Medical staff, pushed past their breaking point, say something has to change.
Burnout is a crisis hurting physicians, other medical workers, patients and the U.S. health care system, and addressing it must become a top national priority, according to Surgeon General Vivek Murthy, MD, MBA.
On May 23, Murthy published “Addressing Health Worker Burnout: The U.S. Surgeon General’s Advisory on Building a Thriving Health Workforce.” The 76-page paper outlined challenges health care workers faced before the COVID-19 pandemic, and how the pandemic made things worse.
Murthy offered practices and policies that health care organizations, insurers, technology companies, lawmakers, academics, and communities can take to help the problem “so that health workers can thrive and better answer their call as healers.”

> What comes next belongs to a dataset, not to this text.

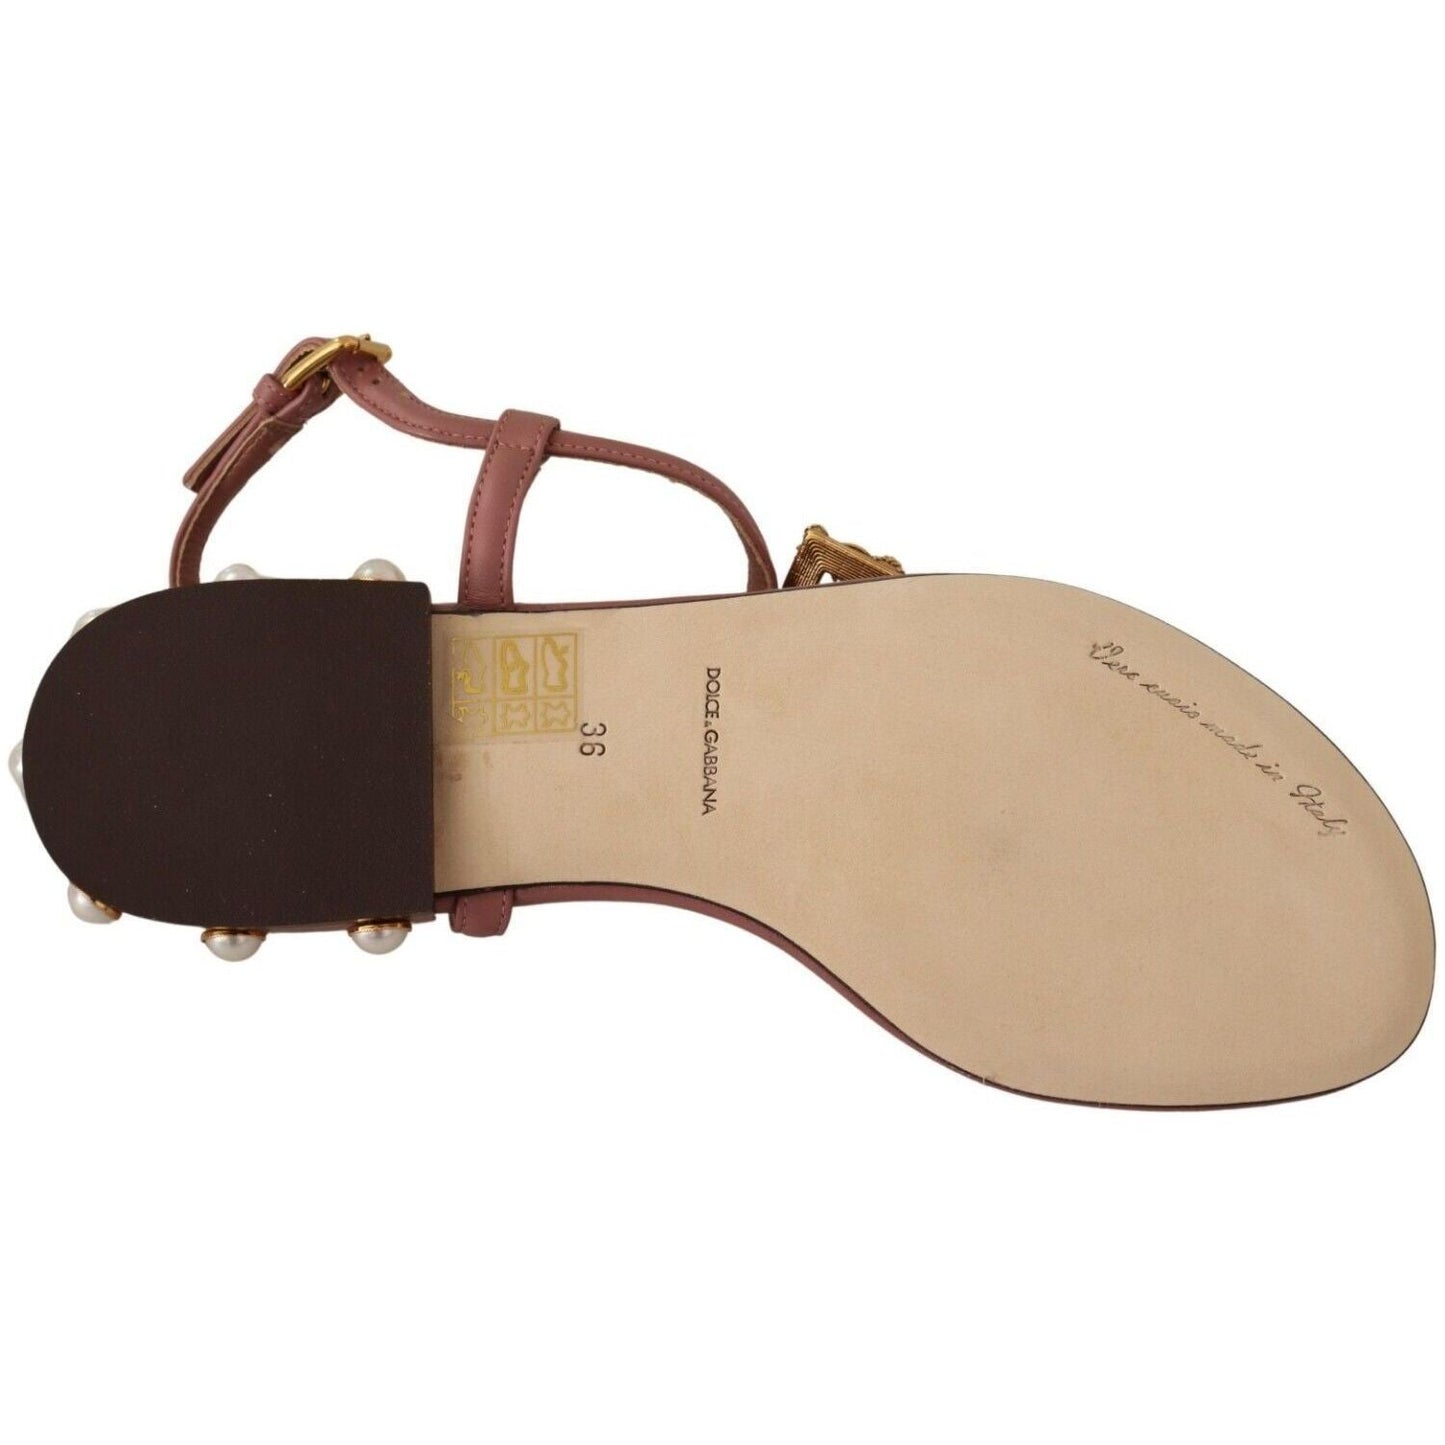 Dolce & Gabbana Elegant Pink Leather Ankle Strap Sandals Sandals pink-dg-amore-logo-leather-sandals-shoes
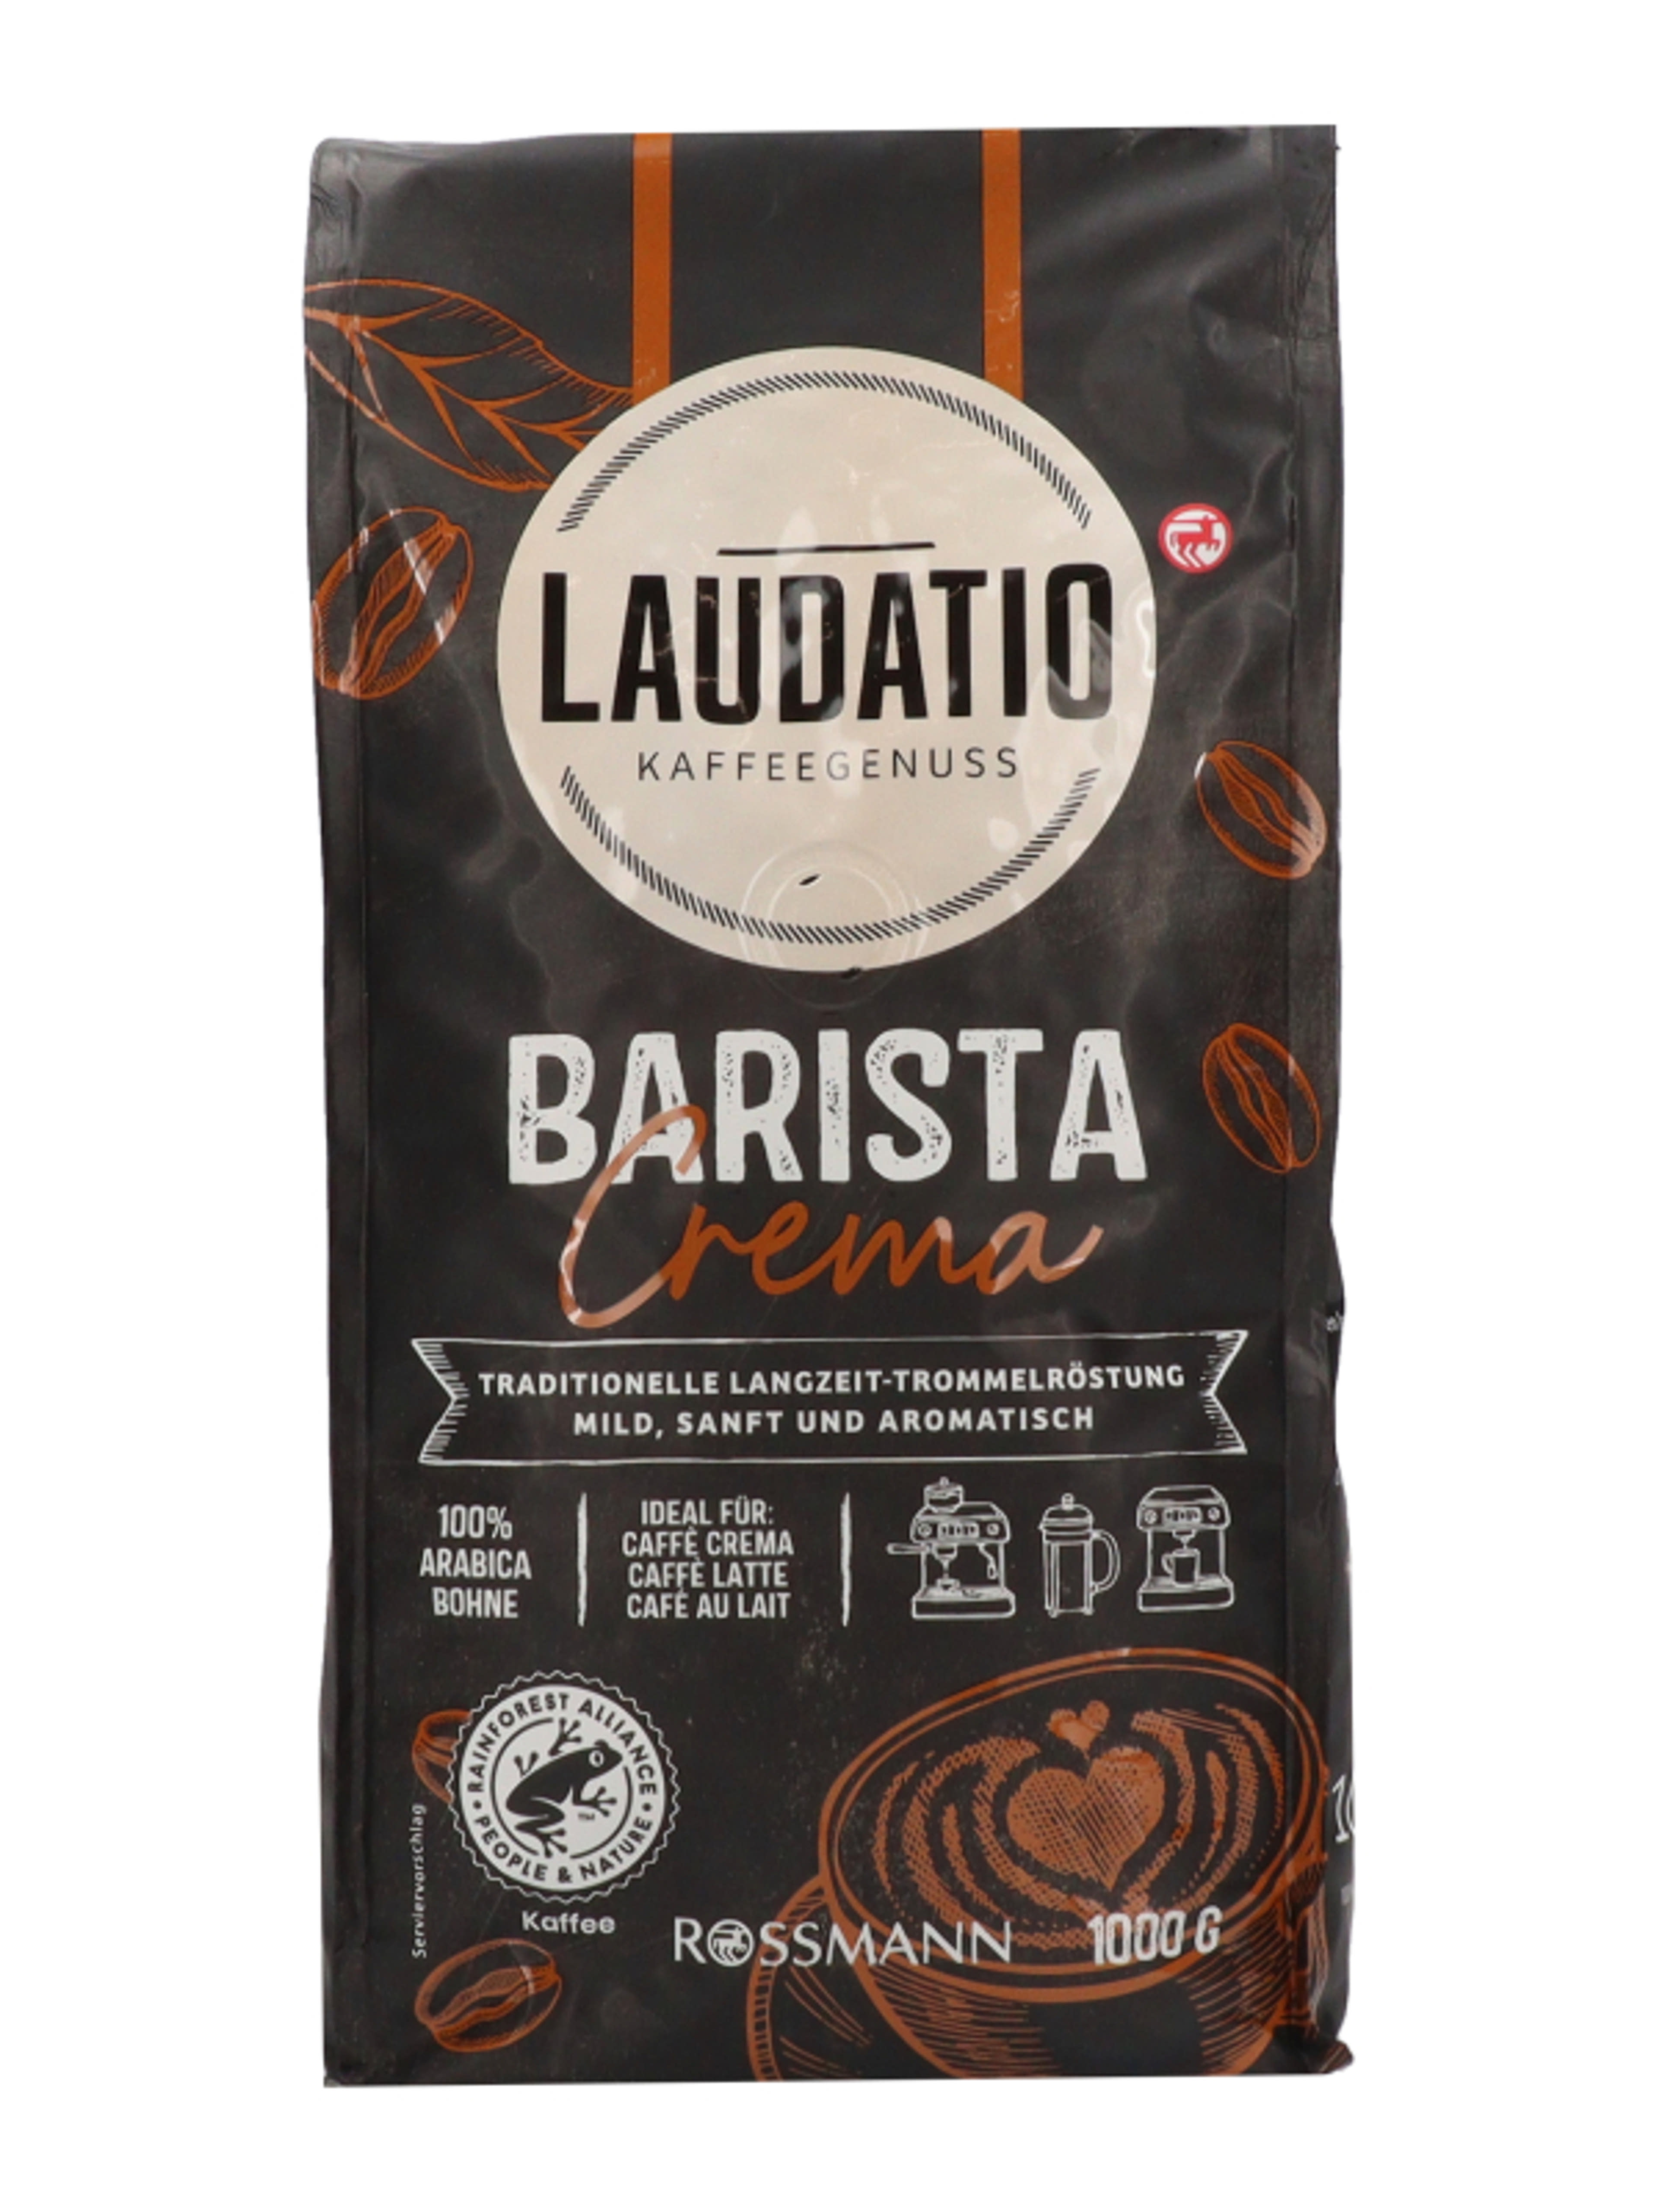 Laudatio Barista szemes kávé - 1000g-3

“The nation’s health depends on the well-being of our health workforce. Confronting the long-standing drivers of burnout among our health workers must be a top national priority,” Murthy said in a news release about the advisory. “COVID-19 has been a uniquely traumatic experience for the health workforce and for their families, pushing them past their breaking point. Now, we owe them a debt of gratitude and action. And if we fail to act, we will place our nation’s health at risk. This Surgeon General’s Advisory outlines how we can all help heal those who have sacrificed so much to help us heal.”
What to Do Next
Murthy offered topline recommendations to address physician and health care worker burnout:
“We can begin by listening to health workers and seek their involvement to improve processes, workflows, and organizational culture,” Murthy said in the press release.
Health care leaders must ensure on-demand counseling and after work hours care are more accessible to health workers to promote and preserve their well-being.
Health care organizations should provide workers with living wages, paid sick and family leave, rest breaks, evaluation of workloads and working hours, educational debt support, and family-friendly policies including childcare and care for older adults. They must ensure adequate staffing, including surge capacity for public health emergencies, that is representative of the communities they serve.
“This is critical to protect and sustain health workers and communities,” Murthy said.
One study showed that on average, for every hour of direct patient care, a primary care provider will spend two hours a day on administrative tasks. “That is time that could be spent with patients, in the community, and building relationships with colleagues, which is essential to strengthening the health and well-being of both health workers and patients,” the press release said.
This includes peer and team-based models of care to strengthen collaboration and create opportunities for social support and community.
Federal, state, local and tribal governments should diversify and expand the public health workforce and improve disease surveillance systems to help address social determinants of health and health inequities, counter health misinformation, and strengthen partnerships across clinical and community settings.
The problem has potential to get even worse due to current and projected shortages of physicians and other medical workers, Murthy said, citing the U.S. Bureau of Labor Statistics and the Association of American Medical Colleges.
The nation will need 1.1 million nurses to replace those retiring at the end of 2022. Within five years, there is a projected shortage of more than 3 million low-wage health workers, and by 2033, there is a projected shortage of up to 139,000 physicians.